Immune Checkpoint Inhibitors Improve Survival in Non−Small Cell Lung Cancer

Publication
Article
Pharmacy Practice in Focus: OncologyDecember 2020
Volume 2
Issue 6

In contrast with standard chemotherapy, long-term follow-up with ICI therapies showed a long-lasting effect on overall survival for non−small cell lung cancer.

EVE M. SEGAL, PHARMD, BCOP, shared her expertise on the management of metastatic non−small cell lung cancer (NSCLC) and how pharmacists can maximize therapeutic outcomes in a live 2020 Directions in Oncology Pharmacy® conference session titled Advances in Managing Metastatic Non−Small Cell Lung Cancer in the Era of Immune Checkpoint Inhibitors. Lung cancer remains the leading cause of cancer-related deaths in the United States with a 5-year relative survival of just 20.5%. In the past 5 years, numerous immune checkpoint inhibitor (ICI) regimens have been approved by the FDA for first- and second-line treatment of advanced lung cancer. In contrast with standard chemotherapy, long-term follow-up with ICI therapies showed a long-lasting effect on overall survival.
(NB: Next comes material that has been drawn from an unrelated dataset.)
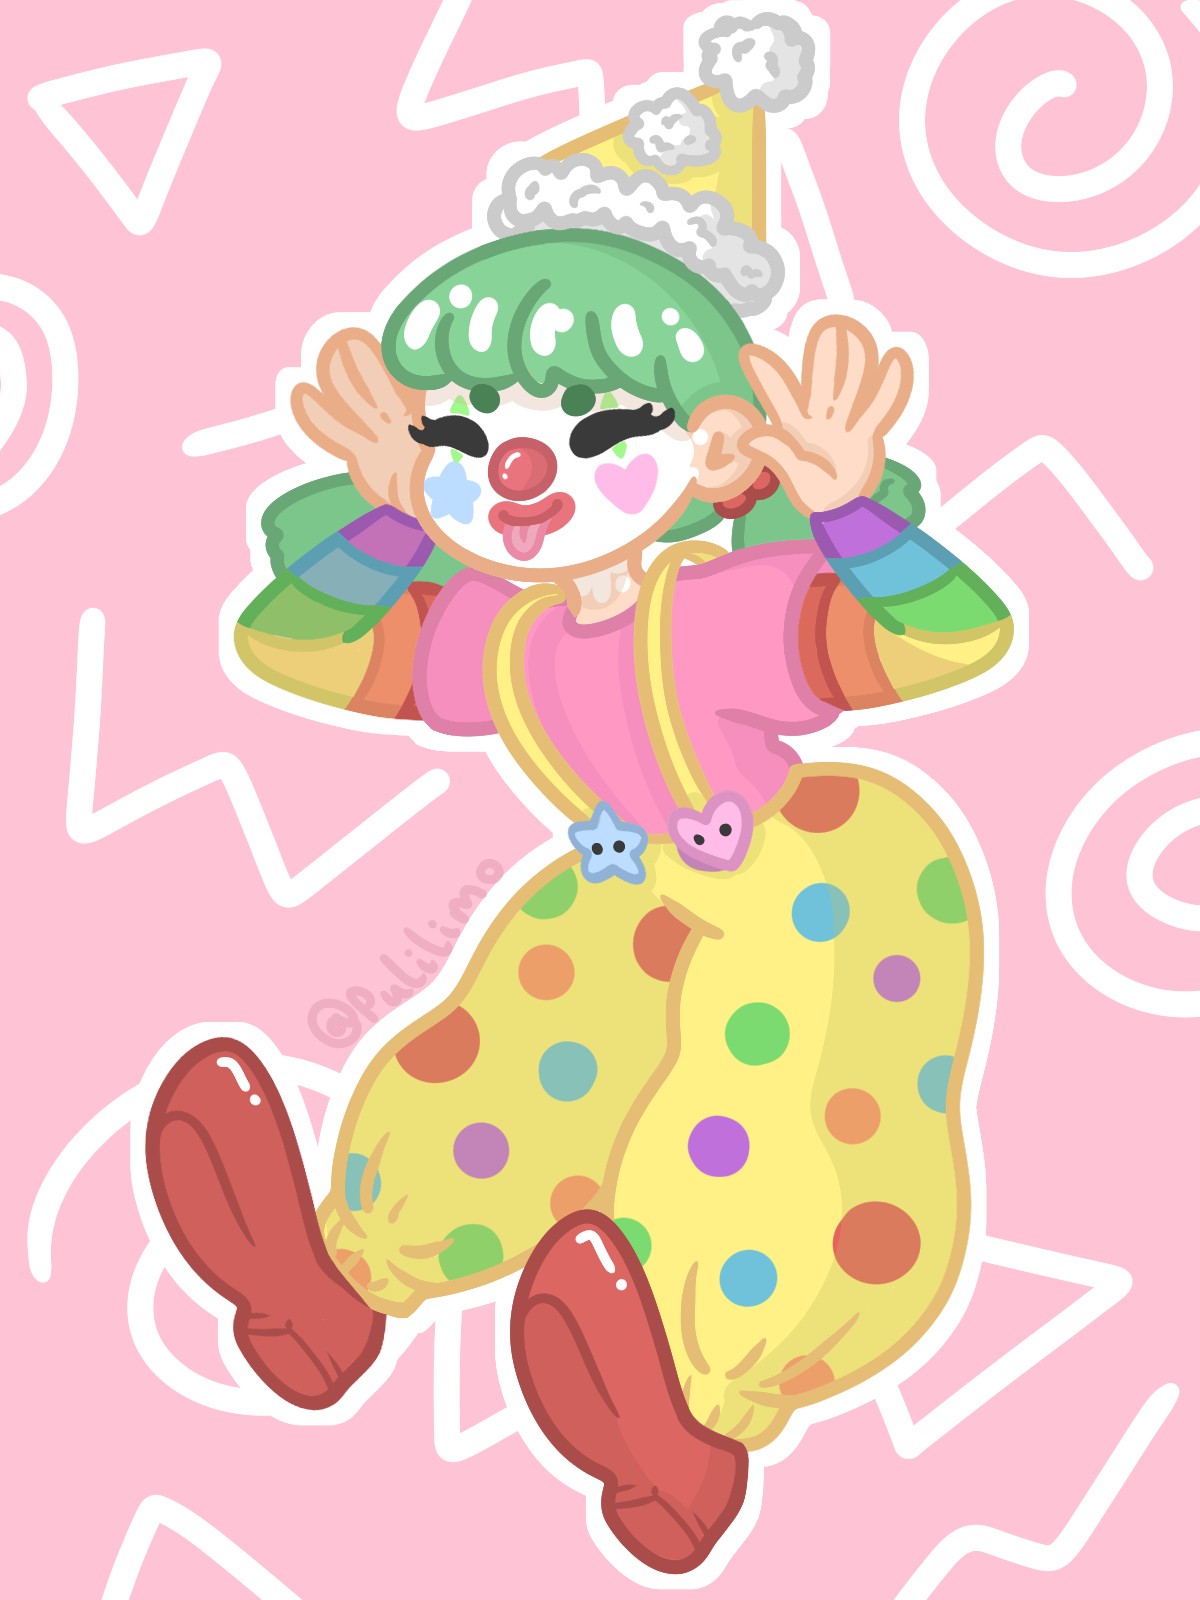 Clown OC! by Pulilimo on DeviantArt

Dr Segal began the session by interpreting data on biomarker testing in NSCLC, specifically with programmed death-ligand 1 (PD-L1) expression, noting testing for PD-L1 is not required for first-line treatment. PD-1 positivity predicted a better response to ICI therapy in fewer than 30% of studies. She also noted tumor proportion score may change during treatment course or throughout disease progression.

Treatment regimens were also reviewed, including data showing the positive impact of ICIs on patient overall survival, both as monotherapy and in combination with platinum-based chemotherapy compared with traditional treatment with platinum-based doublet regimens in metastatic NSCLC. Specifically, pembrolizumab combined with pemetrexed and cisplatin or carboplatin is a preferred National Comprehensive Cancer Network category 1 recommendation for metastatic NSCLC with nonsquamous disease, a good performance status, and without contraindications to ICI treatment. Other ICIs approved by the FDA in the first-line setting include atezolizumab and nivolumab plus ipilimumab, all in combination with chemotherapy. Doublet therapy with a platinum and pemetrexed remains standard of care for patients with an Eastern Cooperative Oncology Group performance status of 2 or greater.

Dr Segal touched on phase 2 and 3 trial data that evaluated immunotherapies in the second-line treatment of metastatic NSCLC. These studies showed a significant advantage over the prior standard of care, docetaxel, and showed long-term disease control.

Dr Segal wrapped up with a discussion on the role of pharmacists in the management of the adverse effects associated with ICI. Grade 3 or higher immune-related adverse events (irAEs) occur in 20% of patients receiving anti-CTLA-4 therapy and approximately 10% to 13% of patients receiving anti-PD-1/PD-L1 therapy. Dr Segal illustrated key principles in management of irAEs including:

  • Early recognition
  • Determine severity of irAE using Common Terminology Criteria for Adverse Events
  • Consultation of specialists for complex management
  • Use of available guideline recommendations for management
  • Clinical pearls for pharmacists in managing patients developing irAEs

She related that while irAEs may affect any organ system, pneumonitis and thyroiditis are more common with anti-PD-1/PD-L1 therapy and colitis is more common with anti-CTLA-4 therapy. Corticoste- roids are the backbone of management of irAEs with aggressive supportive care.